* Assignment *
Pictures should be left out while the data beneath this task is written out word for word.

* The data *
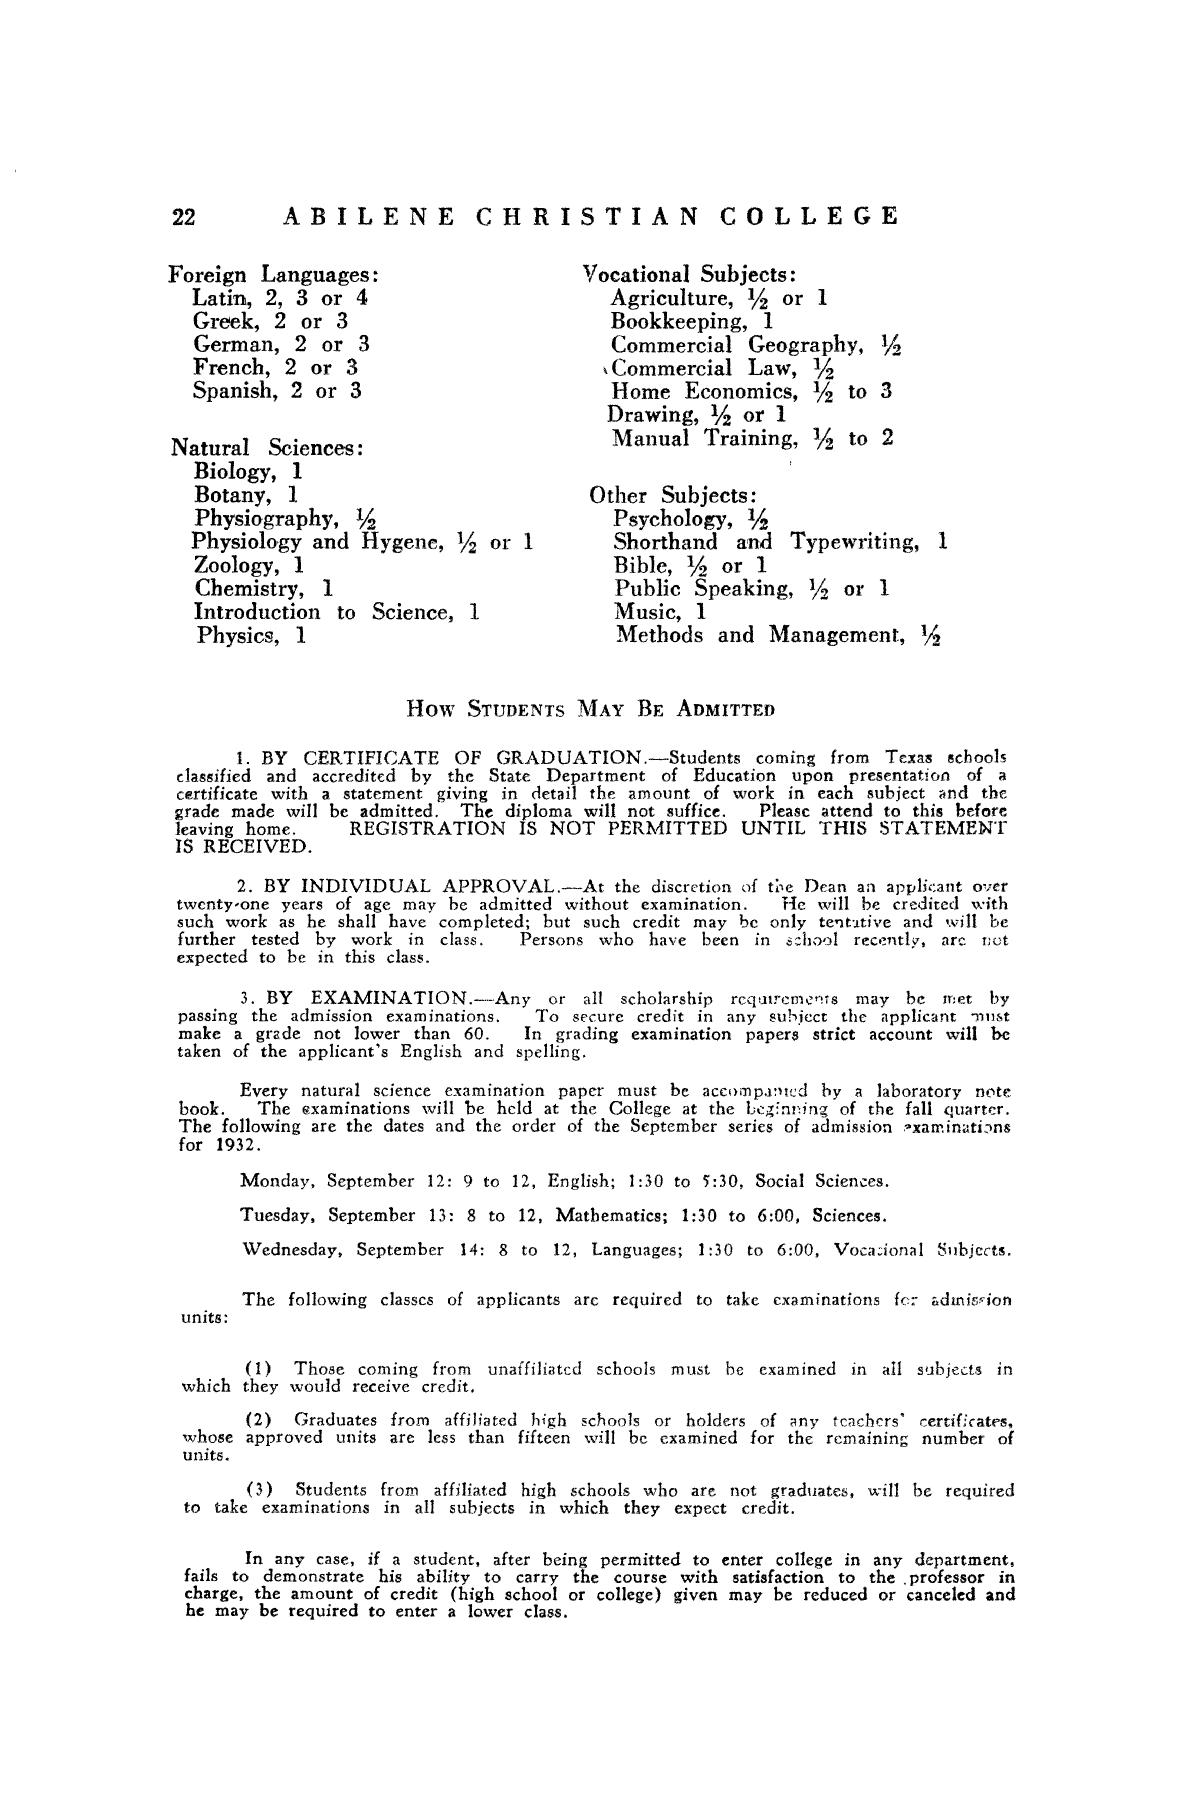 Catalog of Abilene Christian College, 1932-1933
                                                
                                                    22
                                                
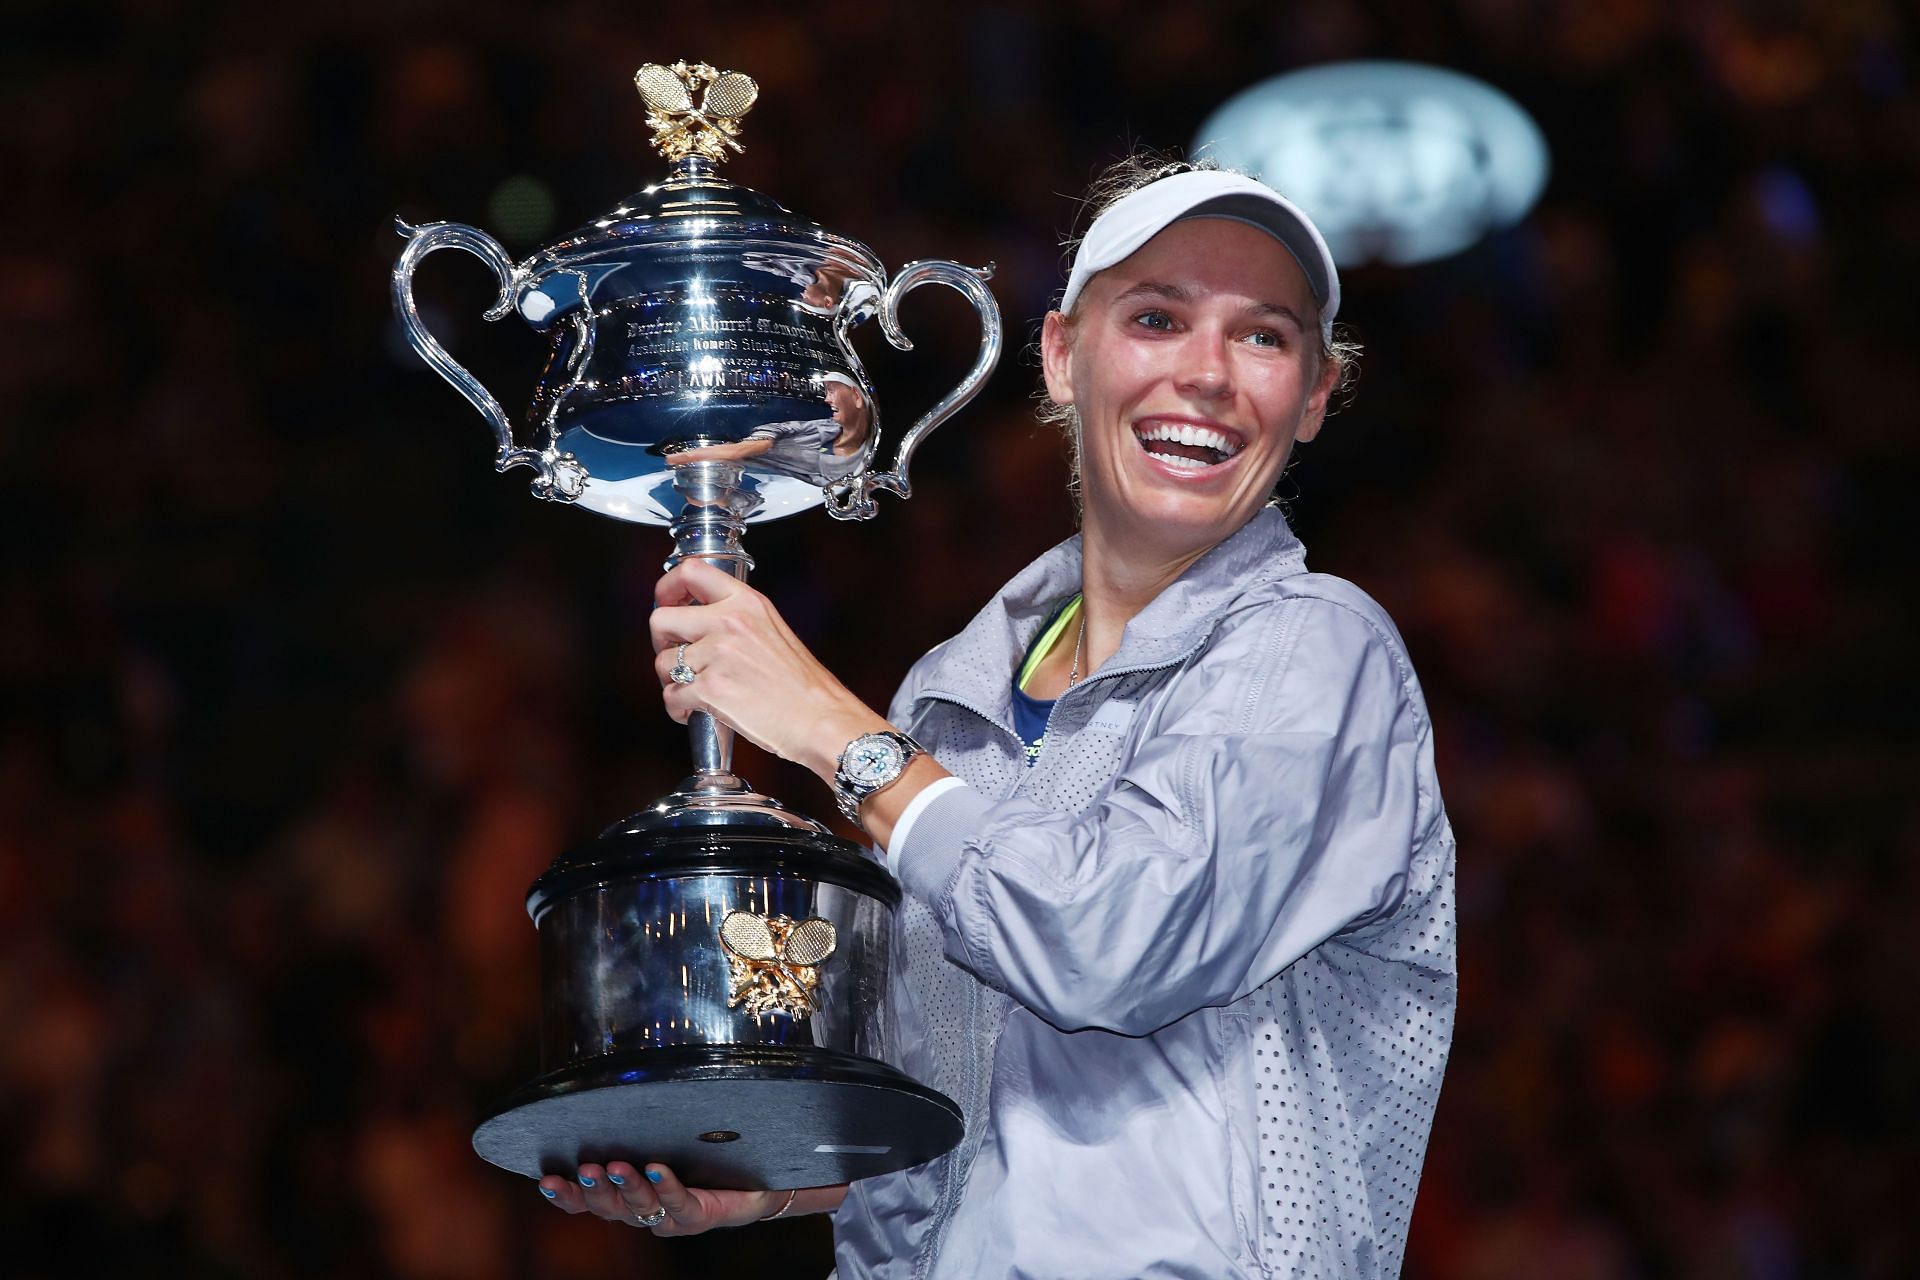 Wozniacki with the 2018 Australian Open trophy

* Written answer *
 Catalog of Abilene Christian College, 1932-1933
                                                
                                                    22
                                                
 Wozniacki with the 2018 Australian Open trophy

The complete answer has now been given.